For those of you who have not changed Tire Sizes, 
What tire have you tried that you liked better than stock?


I have had good luck with light truck tires from Kuhmo and Hankook,
but Kumhos are harder to get. :confused


----------



## Wing_Nut (Mar 6, 2005)

Check out Bridgestone Potenza RE750's online at the Tire Rack. Great tire for summer & rain. Not very good for winter. Low noise. Slightly lower wear rating at 340 vs 400 for BFG's but a little more grip too. $156 for stock tire size.

http://www.tirerack.com/tires/tires...rch=true&partnum=445WR7RE750&fromCompare1=yes


----------



## twolf (Nov 24, 2004)

If you are talking performance only,
I recommend the Goodyear Eagle F1 GS D3.

Pricey... but you won't be disapointed.

They are the best rain tire out there IMHO
and sticky as all get out when dry.

They won't move an inch in winter though if you have snow.
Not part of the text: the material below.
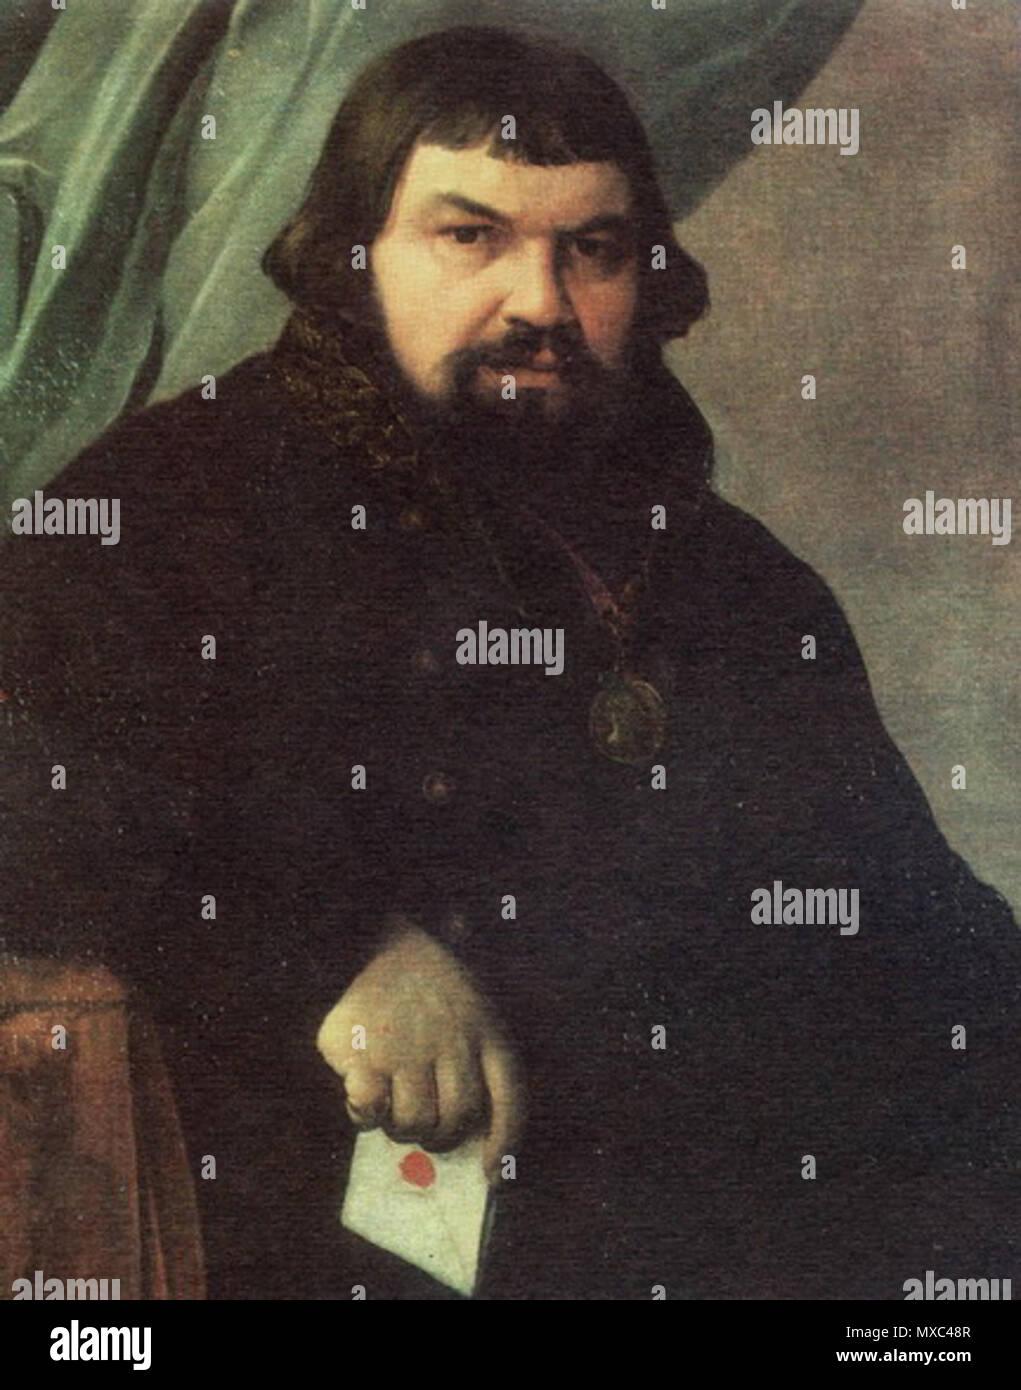 . Alexey Venetsianov. Portrait of the Merchant Obraztsov. 1830s. Oil on canvas. 1830s. Venetsianov 452 Obraztsov by Venetsianov - Stock Image

http://www.tirerack.com/tires/tires.jsp?tireMake=Goodyear&tireModel=Eagle+F1+GS-D3


----------



## 79TA&04GTO (Jul 29, 2004)

I just recently had to get a new set. 

Looking at the comparisons, these seem pretty good in the ratings, and aren't too pricey, yet still made by a major company.

Tirerack - Fuzion ZRI


----------



## jontyrees (Dec 21, 2004)

I've had the best luck with performance Dunlops. In order of preference of what I've tried on my wife's old SHO - Dunlop, Bridgestone, Kumho, Goodyear stock.


----------



## bomber76 (Oct 18, 2004)

A couple of the guys at work swear by the Yokohama AVS ES100. One drives a 95 3 series that had been upgraded to M3 specs, the other a heavily modified MR2. Having used Yoko's before with good experiences with them, I'm probably going to try them out. 

http://www.tirerack.com/tires/tires.jsp?tireMake=Yokohama&tireModel=AVS+ES100


----------



## AmesGTO (Aug 3, 2004)

twolf said:


> If you are talking performance only,
> I recommend the Goodyear Eagle F1 GS D3.
> 
> Pricey... but you won't be disapointed.
> ...


The F1's do look really cool and are way better than stock. I had them on last summer. When I went to 19" rims I went with Bridgestone Potenza S-03 Pole Position, they grip really well; very nice tires.


----------



## jontyrees (Dec 21, 2004)

bomber76 said:


> A couple of the guys at work swear by the Yokohama AVS ES100. One drives a 95 3 series that had been upgraded to M3 specs, the other a heavily modified MR2. Having used Yoko's before with good experiences with them, I'm probably going to try them out.
> 
> http://www.tirerack.com/tires/tires.jsp?tireMake=Yokohama&tireModel=AVS+ES100


I think that's where I'm going next. They're pretty cheap too. We also have a Suzuki Aerio SX, (Matrix-looking wagon), with lowered springs that could benefit greatly from them, and they're only about $60 apiece on Tirerack in that size.


----------



## GTODEALER (Jan 7, 2005)

I've known a lot of people that have used ES100's and everyone I've talked to loves them. :cheers


----------